So it doesn't self-cancel.

We can equalise this between the two masses and repeat that cycle, in principle indefinitely.

No matter how fast our ambient velocity rises, each 96 J impulse buys another 9.81 P increase in net momentum.

And as you dementedly insist i repeat ad nauseam, after 5 such cycles we open a white hole and flesh-eating ogres start to pour out at an exponentially accelerating rate. I just can't understand what's so complicated, you're just adamantly refusing to follow process, so if you're not just trolling, please address this point directly in your reply, as this is the gain, a bankable net rise in momentum after a zero-sum GPE interaction...

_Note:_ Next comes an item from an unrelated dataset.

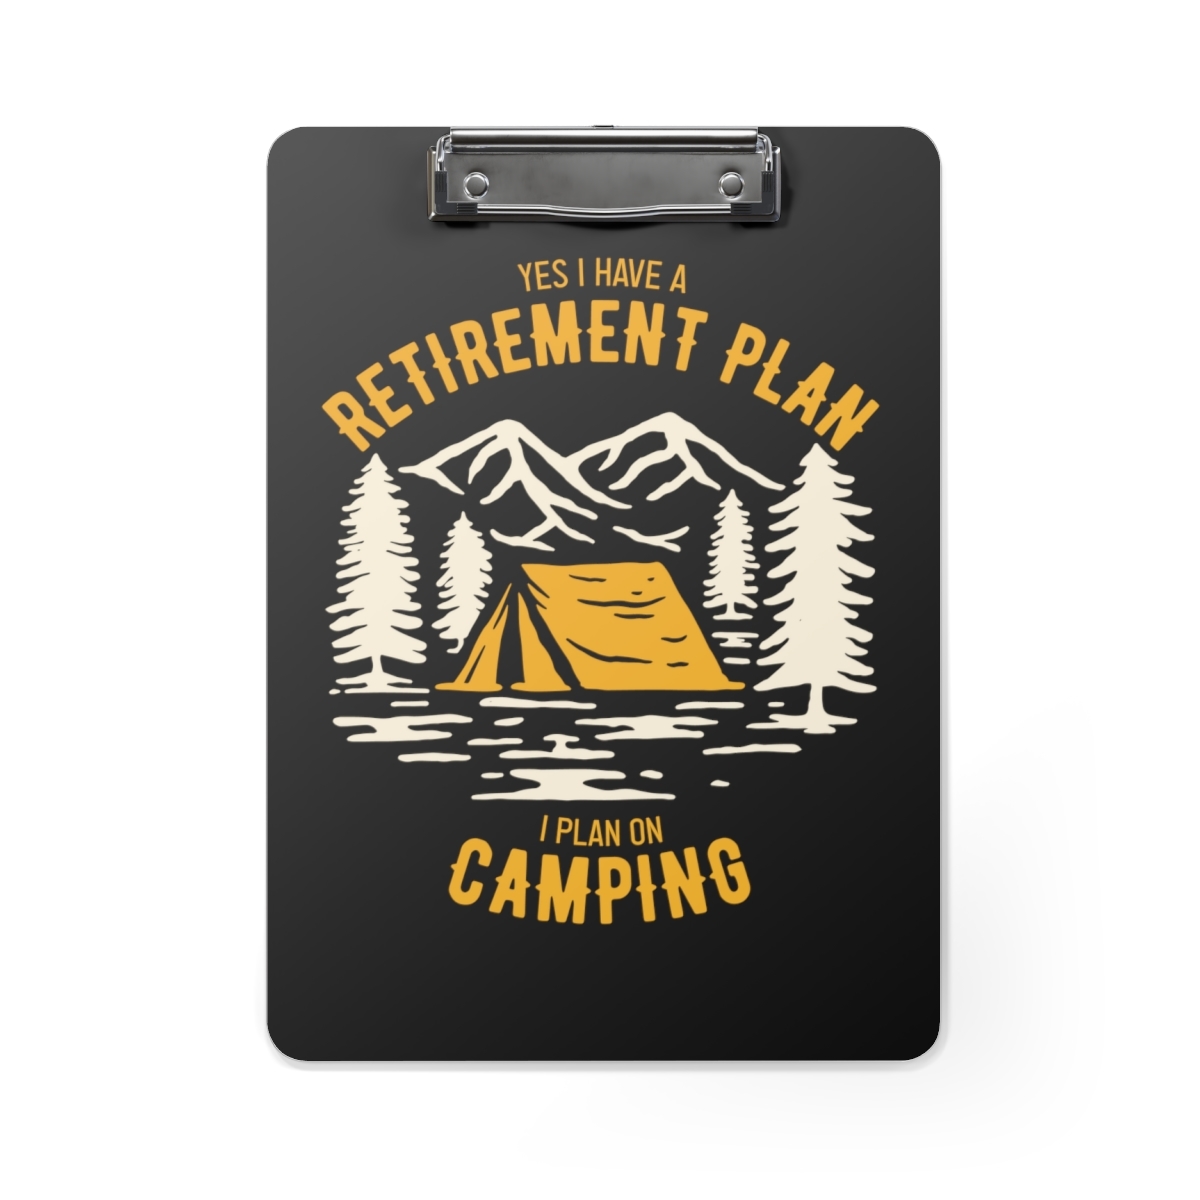 Primary image for Personalized Camping Retirement Plan Clipboard 9" x 12.5" Two-Sided Print Option
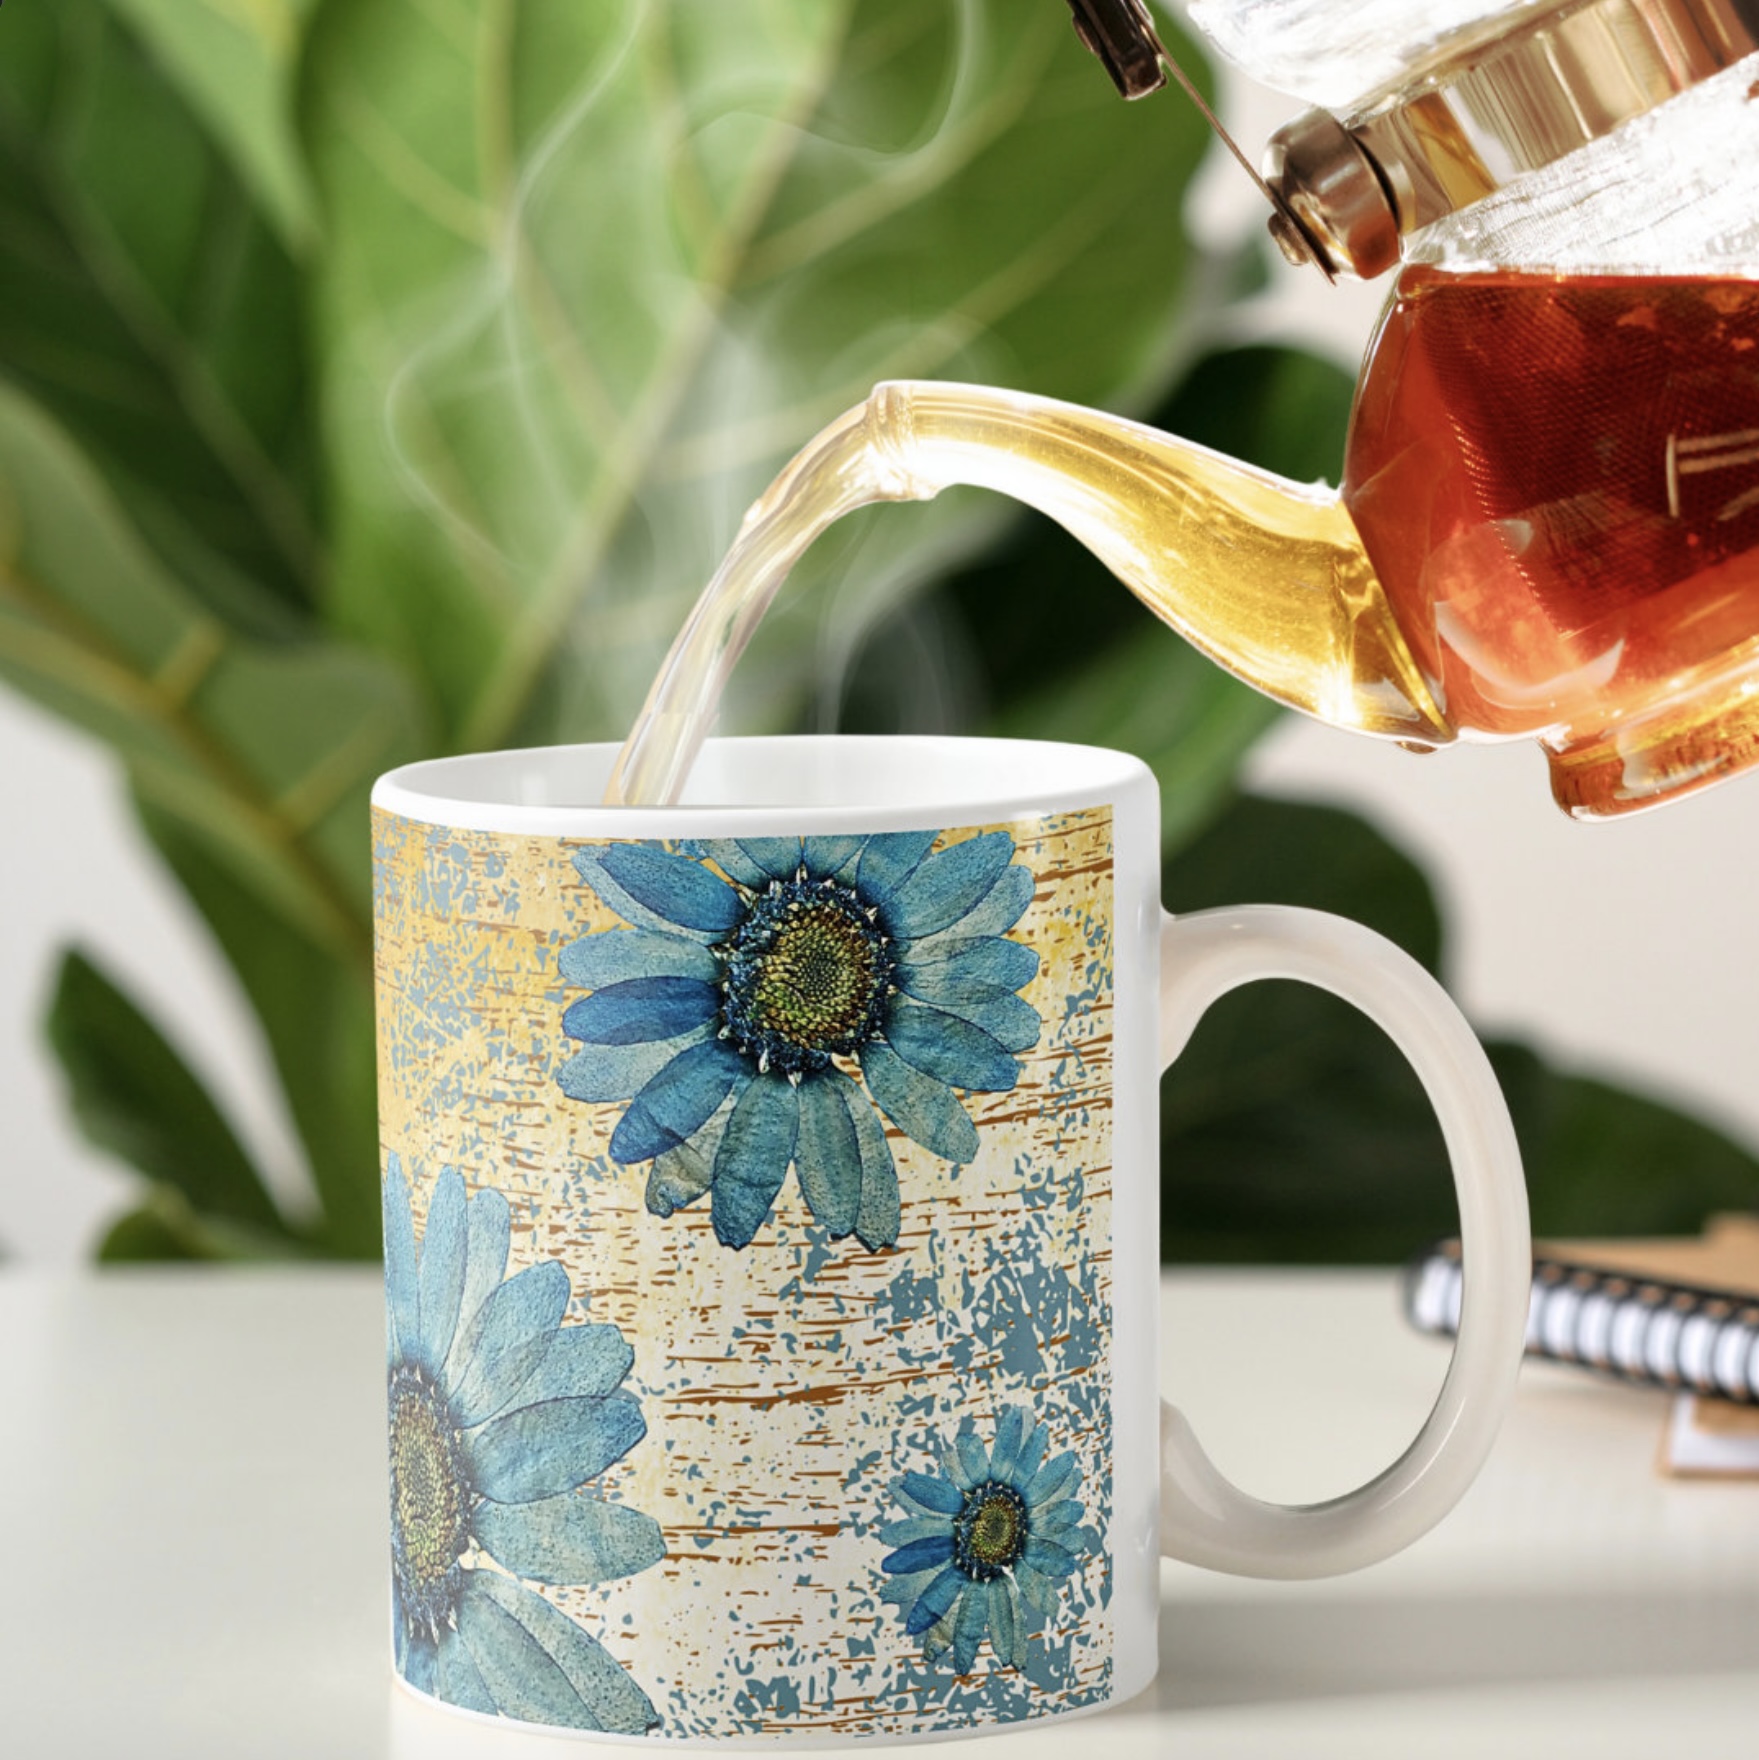 Serving hot coffee in a mug with blue gerberas images on a yellow ochre washed out background.

Not a greater net magnitude of momentum!

So no, we don't gain more momentum than if we'd simply dropped the masses passively! You're absolutely correct, but this has absolutely nothing whatsoever to do with the gain principle!?

My god, the effort..

You don't wanna be Prometheus, much less Atlas, it's waay too much responsibility. I get it.

You want Bessler's wheel to be safe, clean OU. Totally understand your mental block.

Or maybe you and Marchello are busy co-writing a patent application of the current art, whatever.

We're not gaining more momentum than we could generate from GPE... we're simply gaining momentum.

And accumulating it.

At a fixed cost, unaffected by rising speed.

Five purchases of 9.81 P at 96 J a pop is 125% over-unity.

You've built a straw man and completely avoided addressing or even acknowledging this central issue. Whether this is intellectual dishonesty or just basic human density, i could've trained a friggin' parrot this in less time.

[MrVibrating]

Here's a more detailed overview of the symmetry break:

Code: Select all

# Cycles:	Energy cost of momentum:	Equiv. Net Value:	Efficiency:
_________	________________________	_________________	___________     


	1		*	(N^2 J / N kg-m/s)		=	1/8mV^2		=	75% Under-Unity

	2		*	(N^2 J / N kg-m/s)		=	1/4mV^2		=	50% UU

	3		*	(N^2 J / N kg-m/s)		=	3/8mV^2		=	25% UU

	4		*	(N^2 J / N kg-m/s)		=	1/2mV^2		=	Unity

	5		*	(N^2 J / N kg-m/s)		=	5/8mV^2		=	125% Over-unity

	6		*	(N^2 J / N kg-m/s)		=	3/4mV^2		=	150% OU

	7		*	(N^2 J / N kg-m/s)		=	7/8mV^2		=	175% OU

	8		*	(N^2 J / N kg-m/s)		=	mV^2		=	200% OU

	9		*	(N^2 J / N kg-m/s)		=	9/8mV^2		=	225% OU

	10		*	(N^2 J / N kg-m/s)		=	5/4mV^2		=	250% OU

	11		*	(N^2 J / N kg-m/s)		=	11/8mV^2	=	275% OU

	12		*	(N^2 J / N kg-m/s)		=	3/2mV^2		=	300% OU

	16		*	(N^2 J / N kg-m/s)		=	2mV^2		=	400% OU

	32		*	(N^2 J / N kg-m/s)		=	4mV^2		=	800% OU

	64		*	(N^2 J / N kg-m/s)		=	8mV^2		=	1,600% OU

_______________________________________________________________________________________


N = m/F - ie. the arbitrary constant N is equal to mass divided by force (ie. acceleration) of the uniform static field, so 9.81 for gravity.

Input efficiency constant is N J/kg-m/s - ie. the speed-invariant energy cost of momentum per cycle is N Joules per kg-m/s.

Note that the number of cycles per revolution of a wheel is arbitrary, so 1600% could be attained after say 8 revolutions of an 8-mechanism wheel, or 16 revs of a 4-mech wheel etc., assuming such sustained accelerations were mechanically practical.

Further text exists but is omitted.